Corporatism Is Destroying America

My fellow blogger over at Thurman's Notebook has written an excellent post on how corporate power (and the abuse of it) is destroying this country. I liked it a lot and repost it here for your reading pleasure:


The abuse of corporate power and privilege is the root cause of the decline of the American working class today. The founders of our American experiment fought and died to overthrow the abuse that inevitably results from the unholy marriage of business interests – especially corporate interests – to government power. One of the results of our victory in the war fought for our independence was that corporate charters were severely restricted in the earliest days of our republic.
Before the ink had  time to dry on the Articles of Confederation, corporate business interests had already begun fighting to increase their power and influence. Today we’re in circumstances as bad or worse than those which inspired the revolution of 1776. It is our duty to resist and fight back against the tyranny being forced down our throats by the oligarchs of our time.

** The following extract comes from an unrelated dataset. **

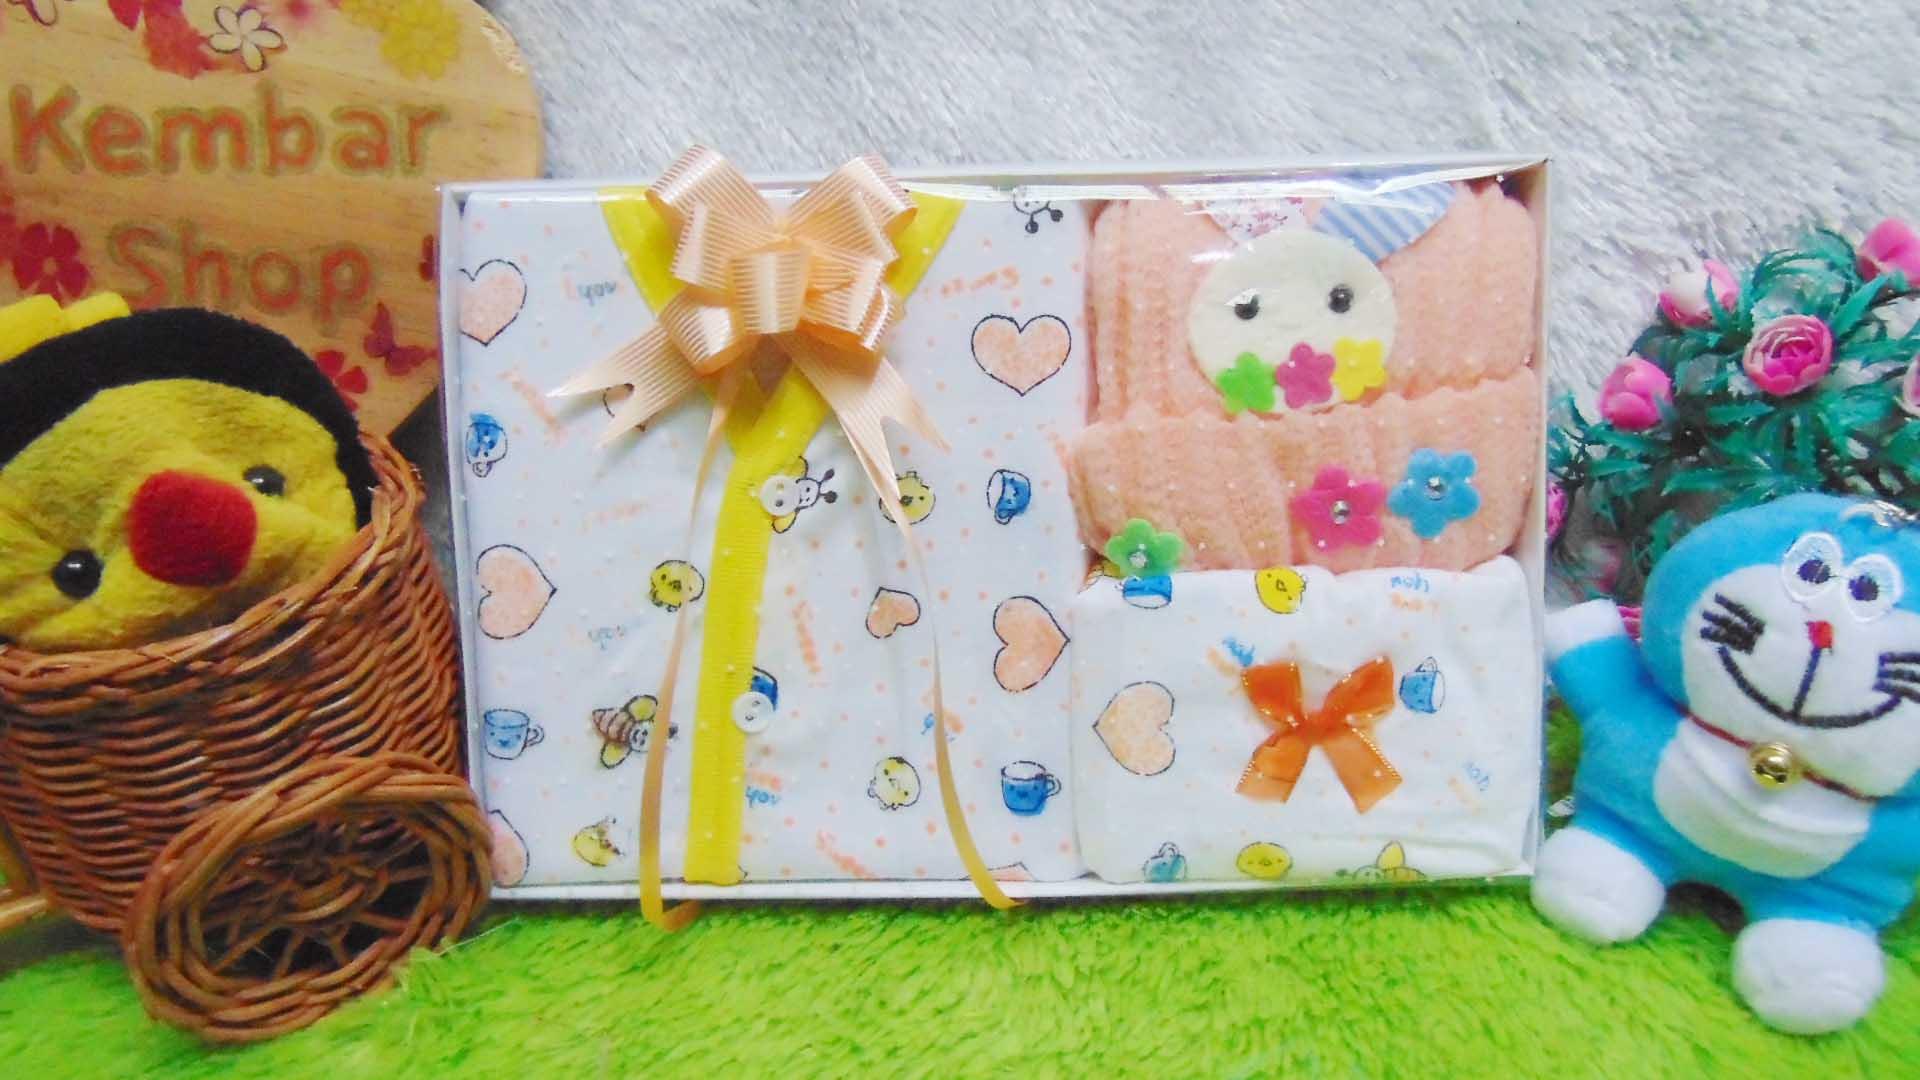 FREE KARTU UCAPAN Kado Lahiran Paket Kado Bayi Newborn Baby Gift Box Lebah Rajut Full Package Aneka Warna (7)

Many corporations start out as small, virtually harmless local businesses, but a few eventually grow into large conglomerates providing services that society becomes dependent upon, such as electricity, fuel or food distribution, telecommunications, and transport. As these entities grow, so does their financial and political power, and enormous power is often abused, whether the perpetrators realize they’re doing it or not.
In the early years of the United States, corporations were only chartered for very specific purposes, such as building canals or other infrastructure that small local business entities could not accomplish alone. Once the initial goals of the venture were accomplished, most corporate charters were expired after a reasonable amount of time and profit had been earned. Early American corporations were also not allowed to own subsidiaries. The result was a vibrant, diverse business environment in every community, and that should be the goal we work toward today.
Giant corporations should be carefully broken apart into small, more manageable, local or at most regional entities. Those which provide vital public services or depend upon interstate infrastructure such as cable networks, pipelines, or satellite communications should eventually become property of the people, managed by public/private partnerships in which employees or taxpayers eventually become the owners, managers, and financial beneficiaries as profits are funneled into schools or other social benefits.
Today corporate officers are legally bound to pursue profits above all other concerns. Look where that’s gotten us! New corporate charter laws need to be established and the rules of the game changed. Corporations should have as their first motive – a prime directive if you like – a requirement to place the well being of their employees and that of the communities in which they operate above profits and shareholder returns. Strong governmental regulation must be established and maintained at all times to keep corporate greed in check.
Big business has become Big Brother, manipulating public opinion and behavior, running roughshod over the greater interests of the nation, buying politicians from the federal to the local level, and generally behaving like the despots our ancestors died fighting 235 years ago. Adam Smith never envisioned corporate entities so huge and powerful that they could subvert the free market and overpower the invisible hand hr described, but that’s exactly where we find ourselves today.
Local businesses are owned by local people, keep local money in the community and benefit local people in the form of good jobs. We need more small partnerships and sole proprietorships in place of the dominant corporate business model of today. Small is beautiful. Small is sustainable and responsible. Too big to fail is too big to exist, and if we don’t change course soon we’re going to discover that the United States of America, as it exists today, is too big to survive.